Stored data START

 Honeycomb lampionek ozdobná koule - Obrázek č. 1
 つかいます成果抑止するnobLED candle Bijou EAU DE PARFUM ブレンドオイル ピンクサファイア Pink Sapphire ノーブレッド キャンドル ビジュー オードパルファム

Stored data END
Stored data START

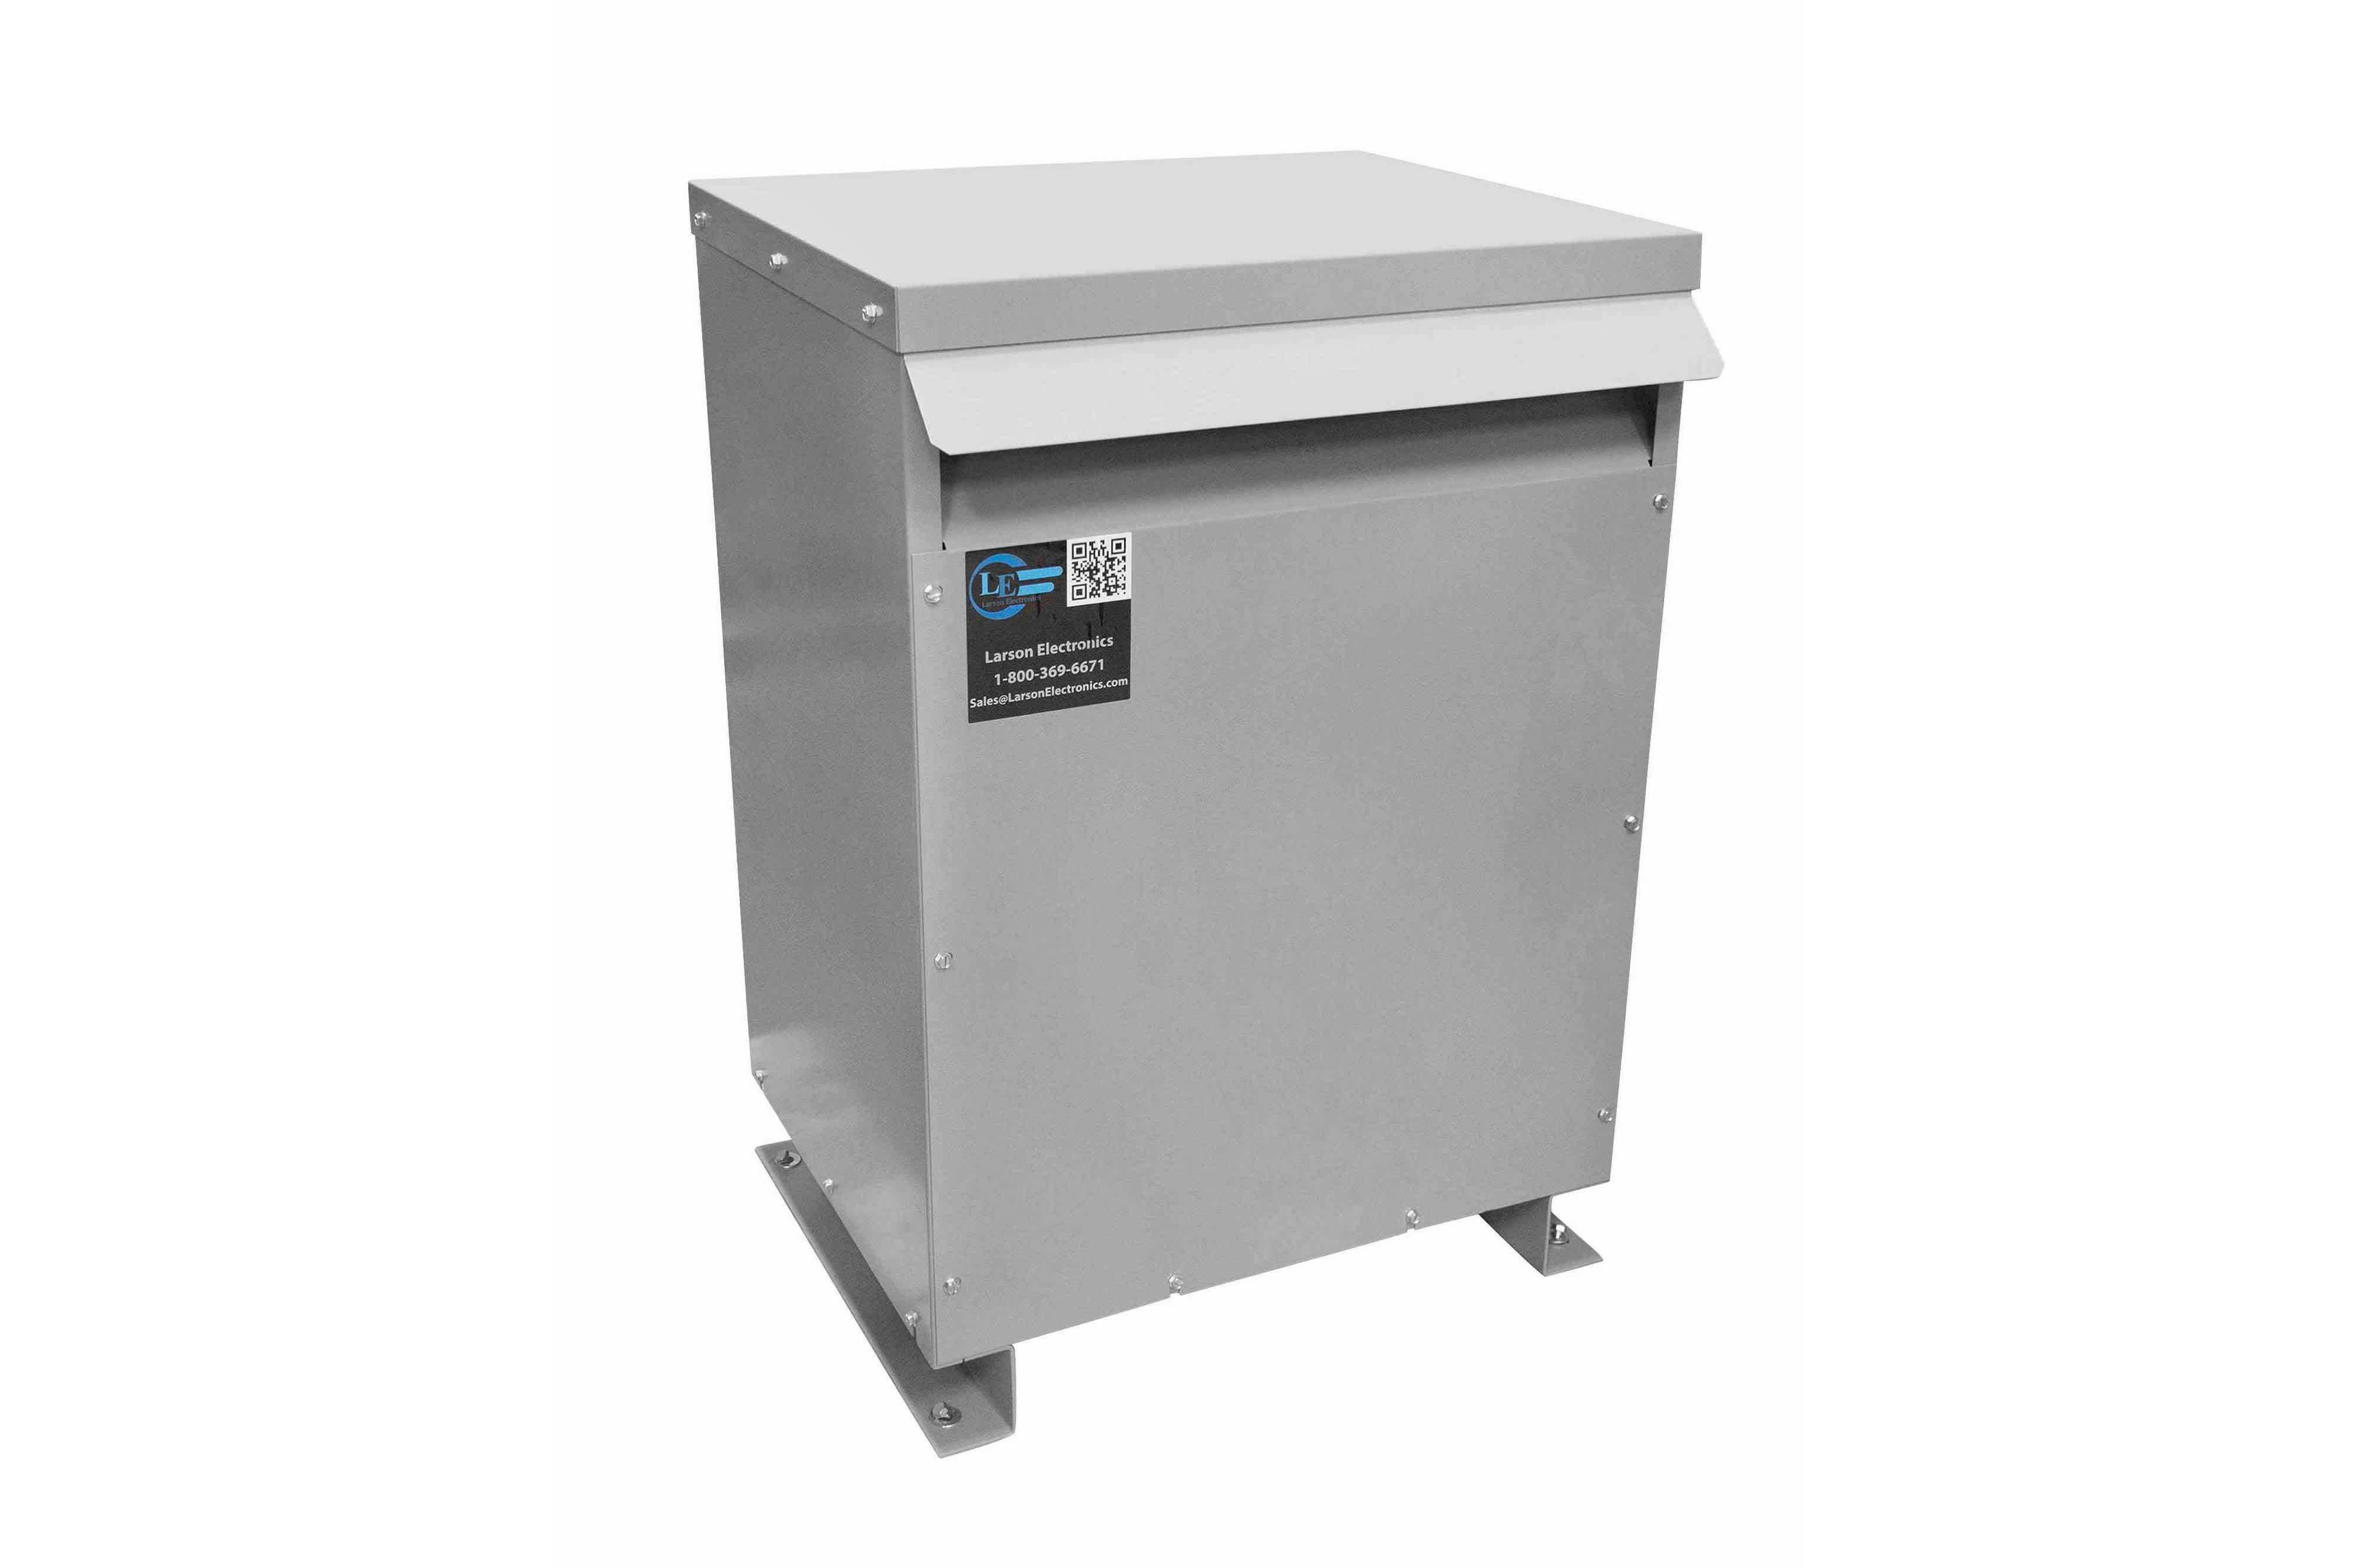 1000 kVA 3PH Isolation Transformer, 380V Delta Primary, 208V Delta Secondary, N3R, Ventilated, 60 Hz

Stored data END
Stored data START

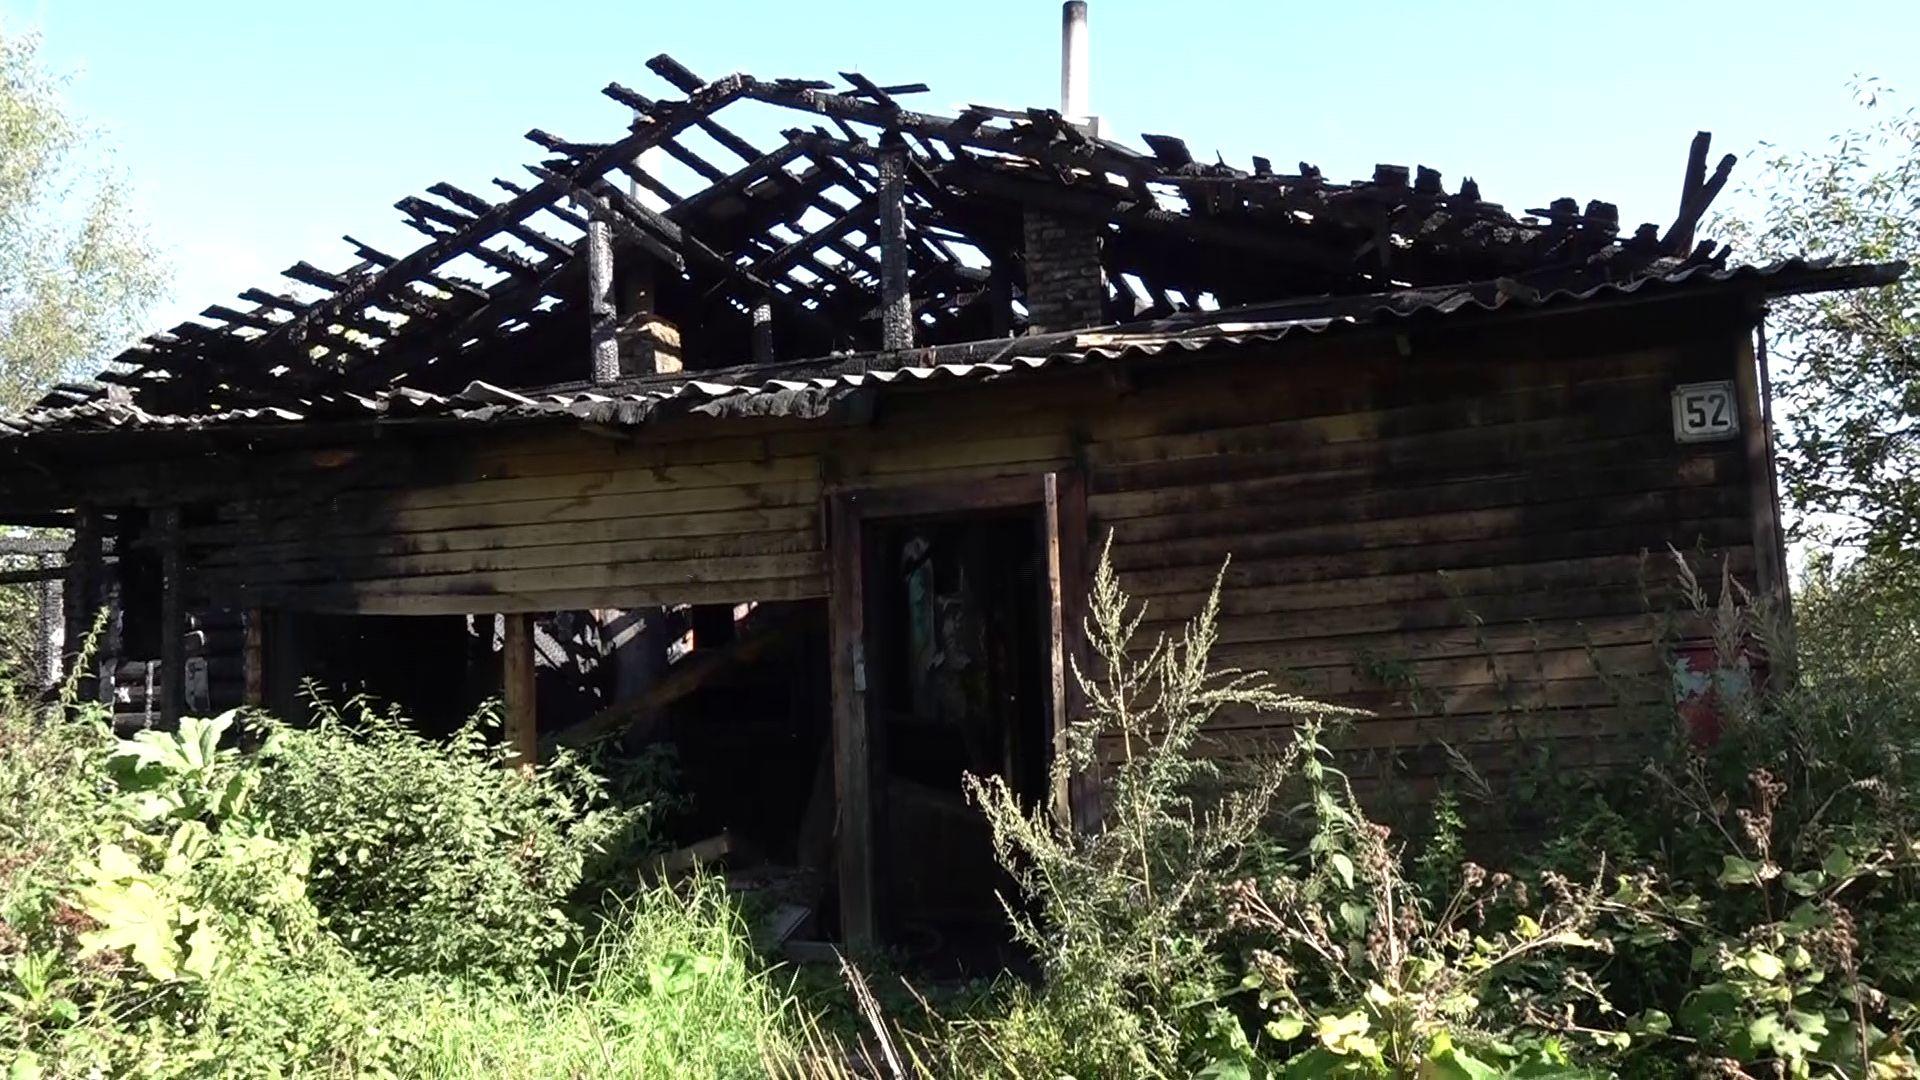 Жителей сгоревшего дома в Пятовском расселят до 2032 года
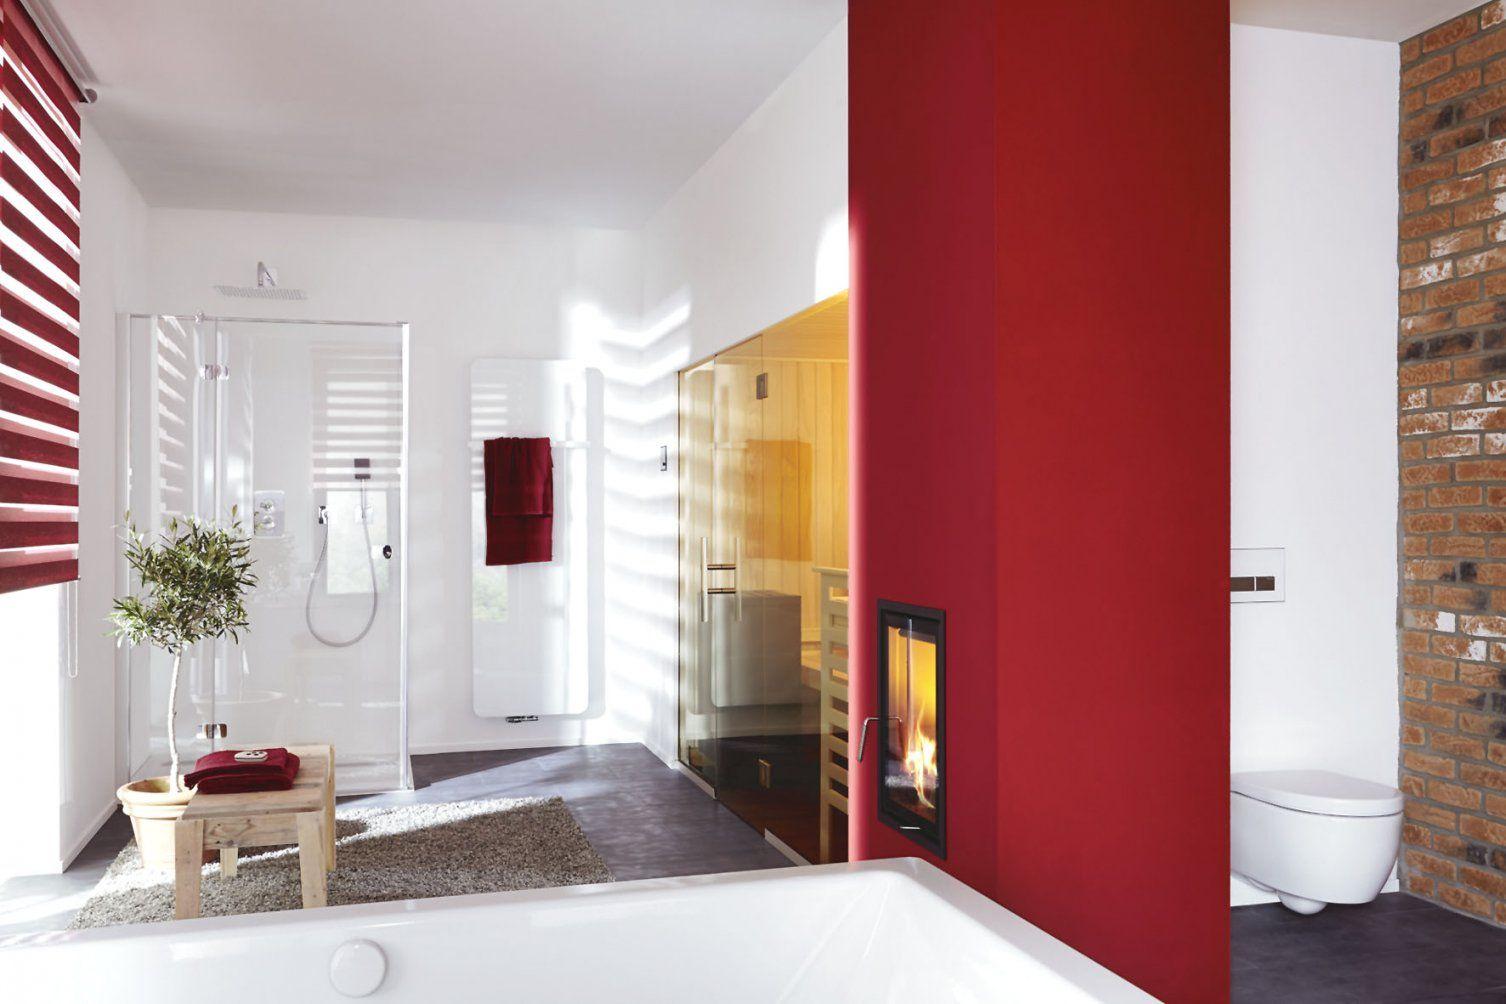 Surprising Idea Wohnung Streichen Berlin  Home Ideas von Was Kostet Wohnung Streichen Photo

Stored data END

[Problem requirements]: Among the records above, only the lines between the line holding "Honeycomb lampionek ozdobná" and the line holding "つかいます成果抑止するnobLED candle Bijou", inclusive, are to be output, exactly as written.

[Exercise output]:
 Honeycomb lampionek ozdobná koule - Obrázek č. 1
 つかいます成果抑止するnobLED candle Bijou EAU DE PARFUM ブレンドオイル ピンクサファイア Pink Sapphire ノーブレッド キャンドル ビジュー オードパルファム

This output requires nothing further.